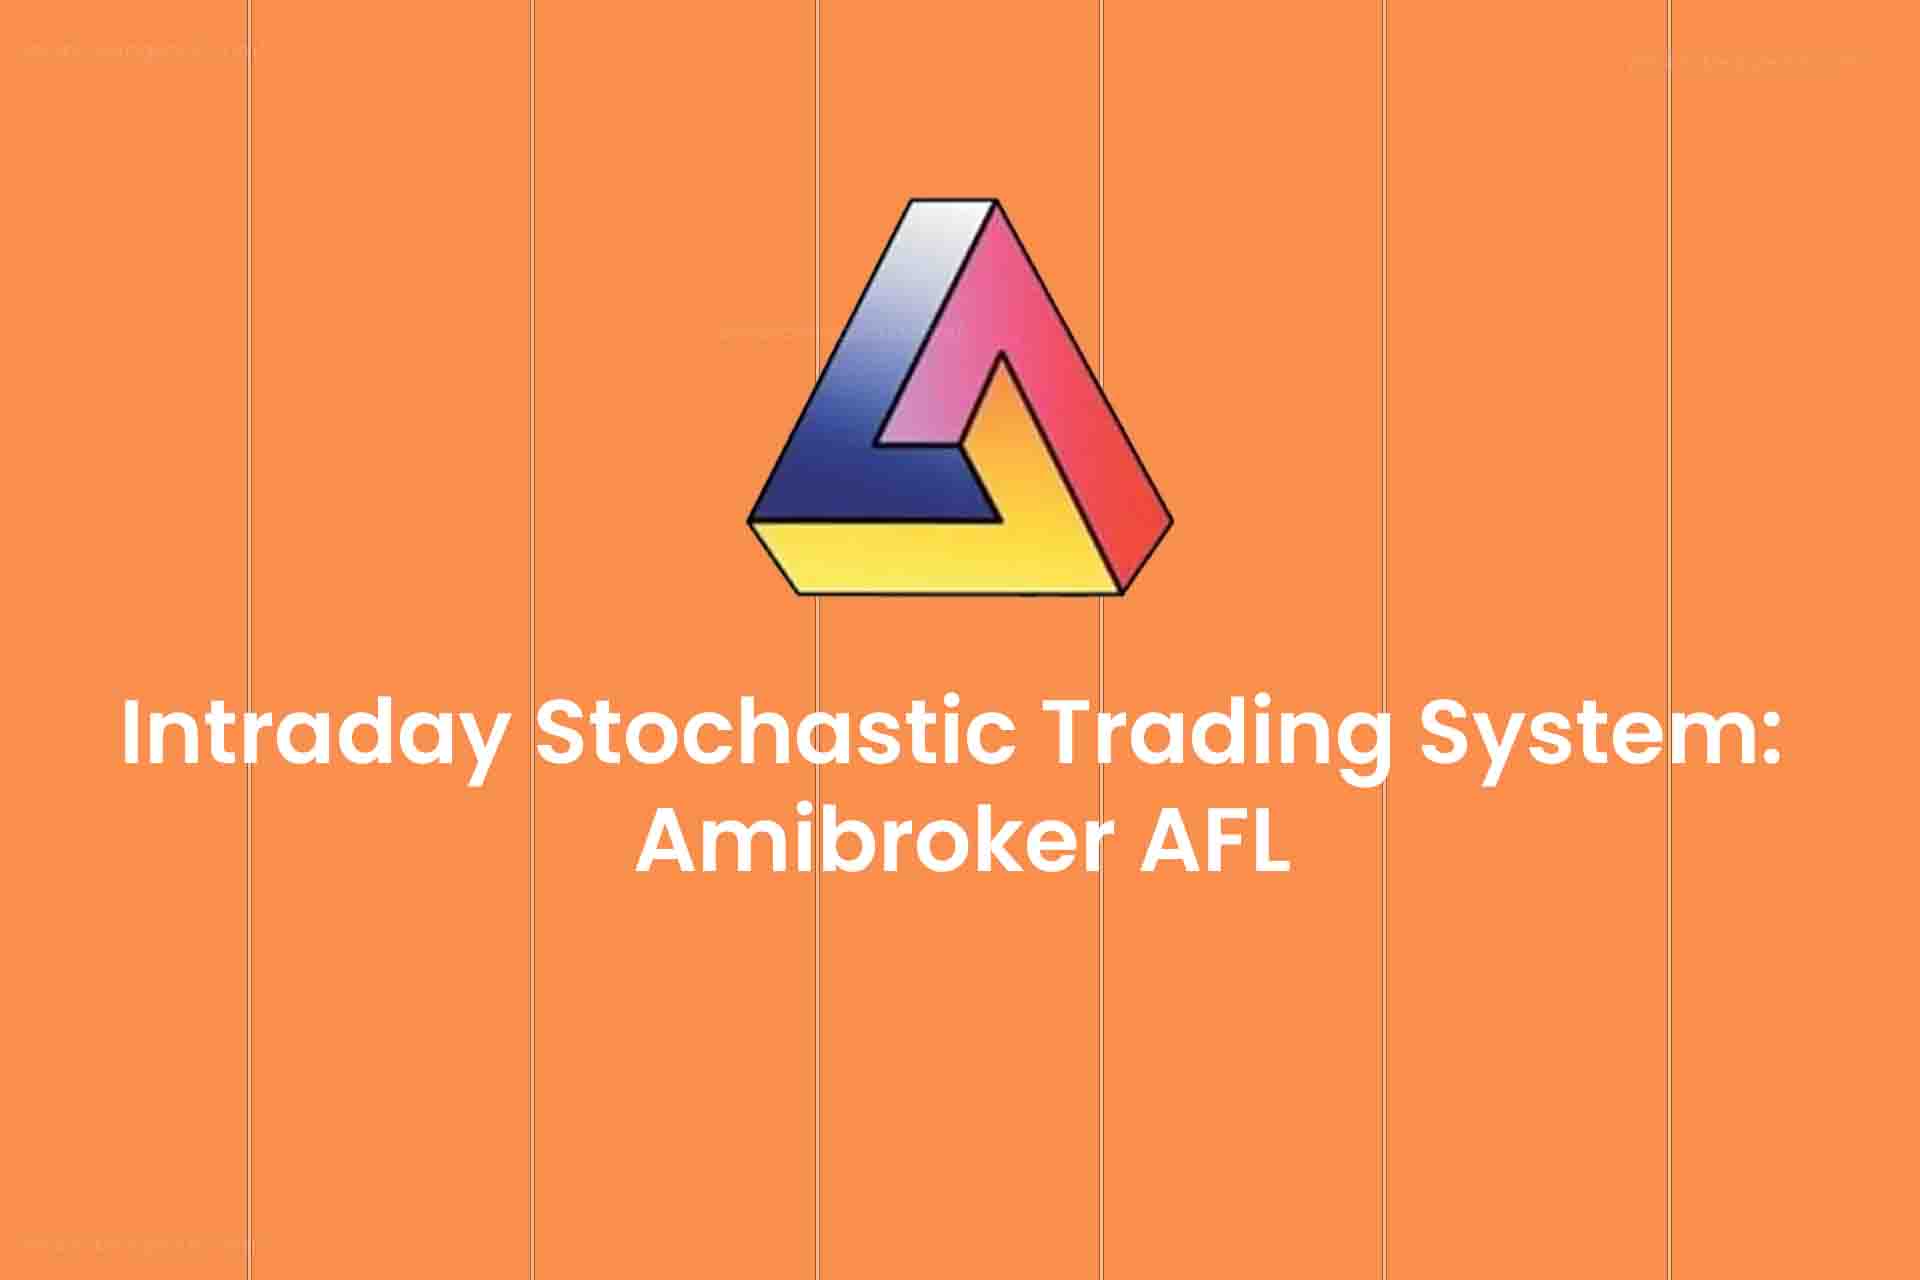 Intraday Stochastic Trading System: Amibroker AFL
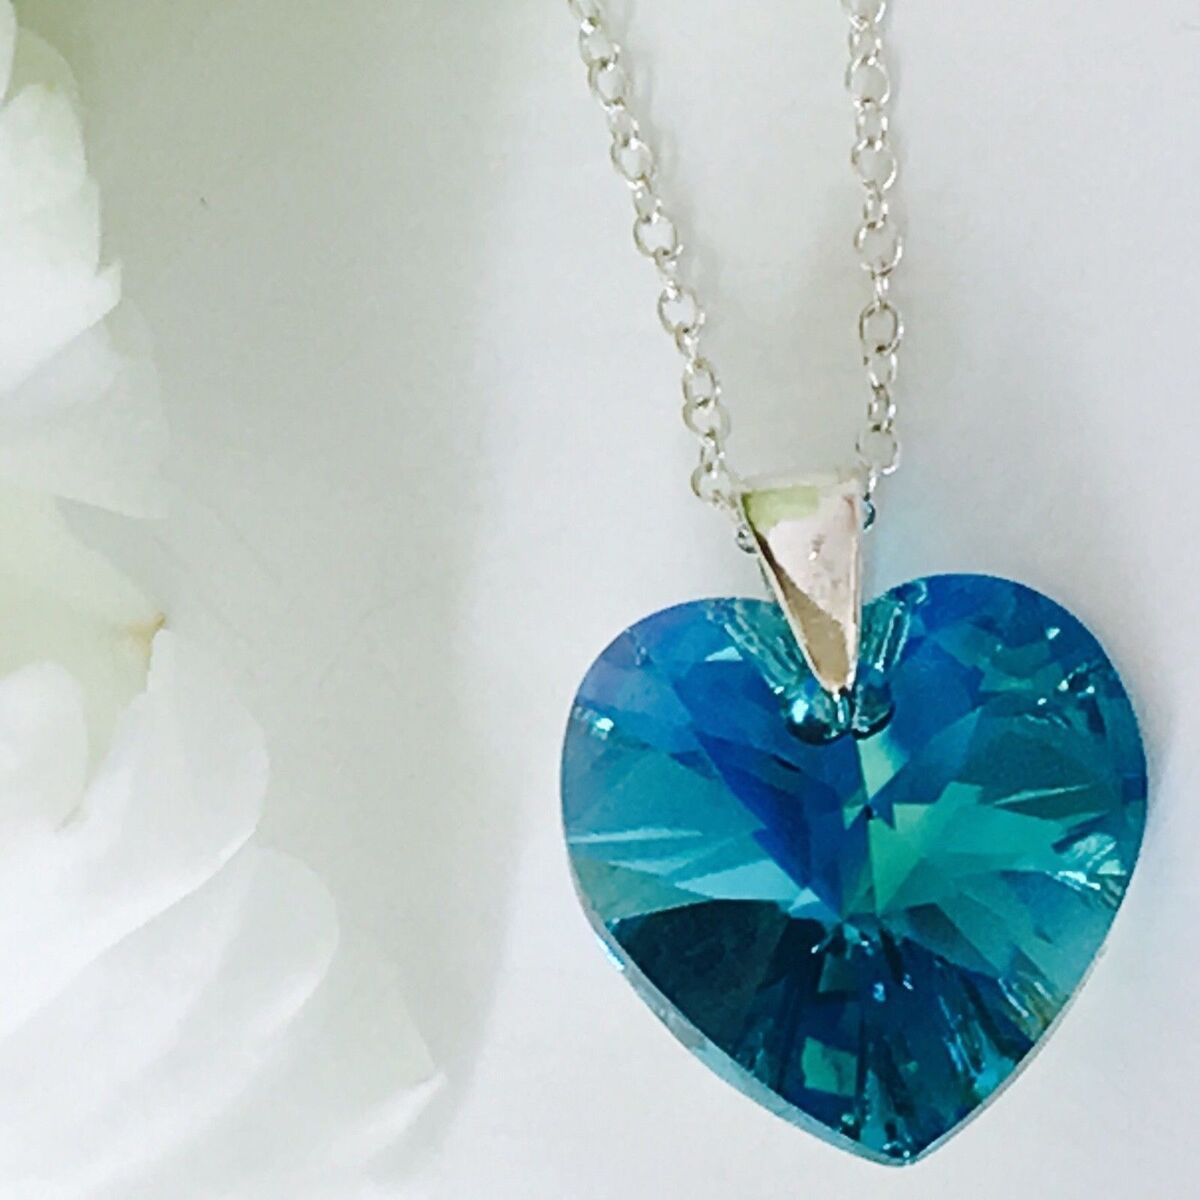 Buy Blue Heart . Swarovski Crystal Necklace . Pendant Necklace . Sterling  Silver . Gift for Girlfriend . Swarovski Jewelry Online in India - Etsy
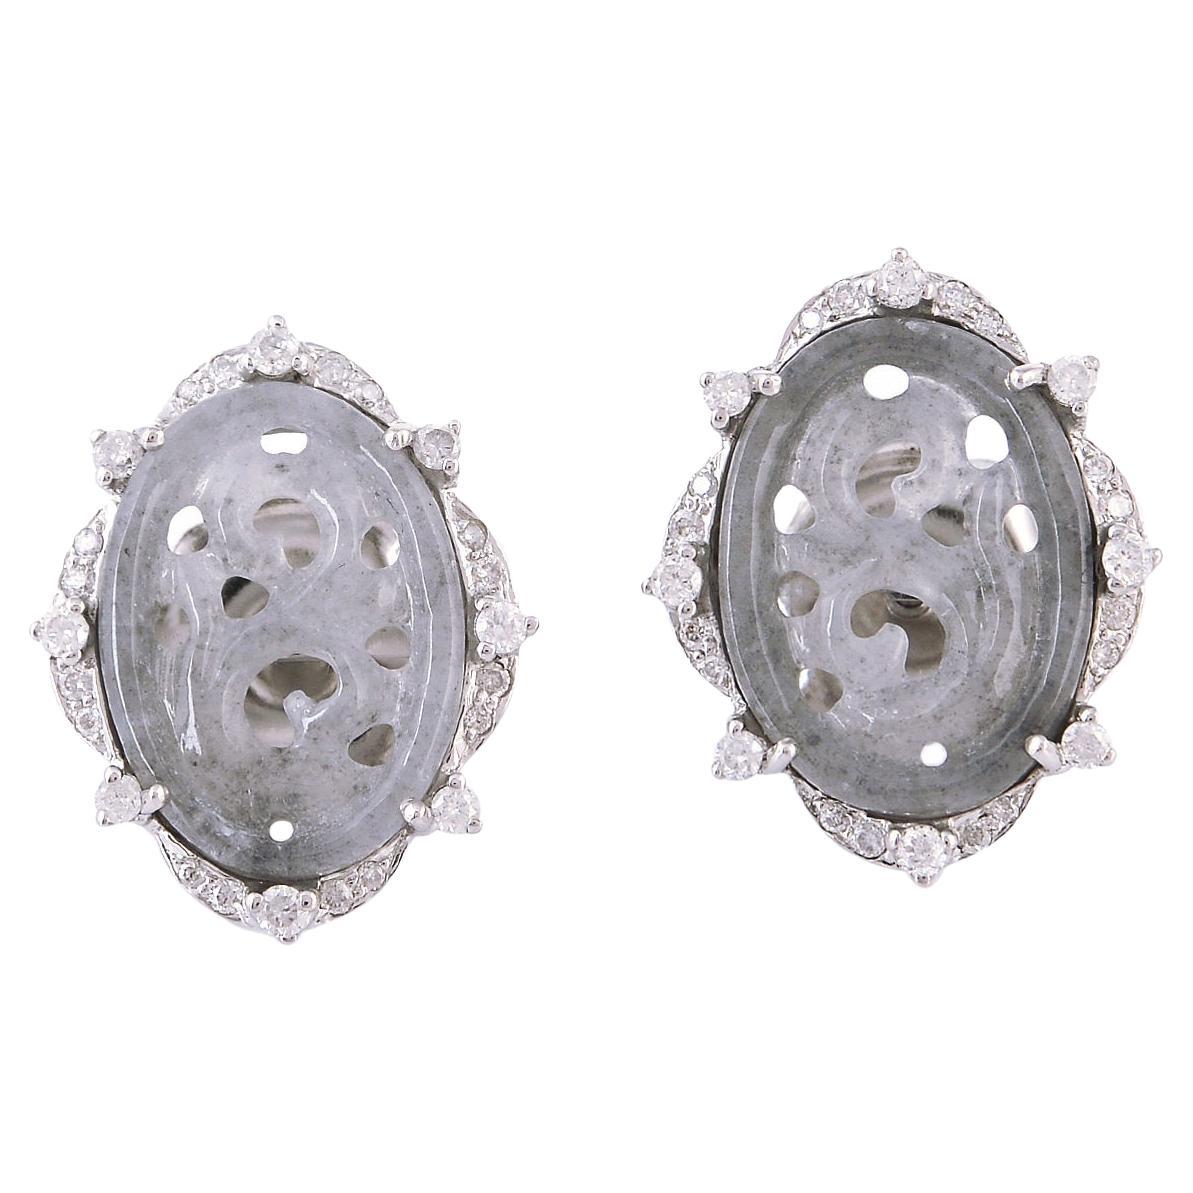 Oval Shaped Carved Jade Stud Earrings with Diamonds Made in 18k White Gold

* YOUR INSTRUCTIONS *
Reproduce only the lines from the beginning of the data through the line that contains "Buy Blue Heart", both included, and please drop the pictures.

* ANSWER *
 Intraday Stochastic Trading System: Amibroker AFL
 Buy Blue Heart . Swarovski Crystal Necklace . Pendant Necklace . Sterling  Silver . Gift for Girlfriend . Swarovski Jewelry Online in India - Etsy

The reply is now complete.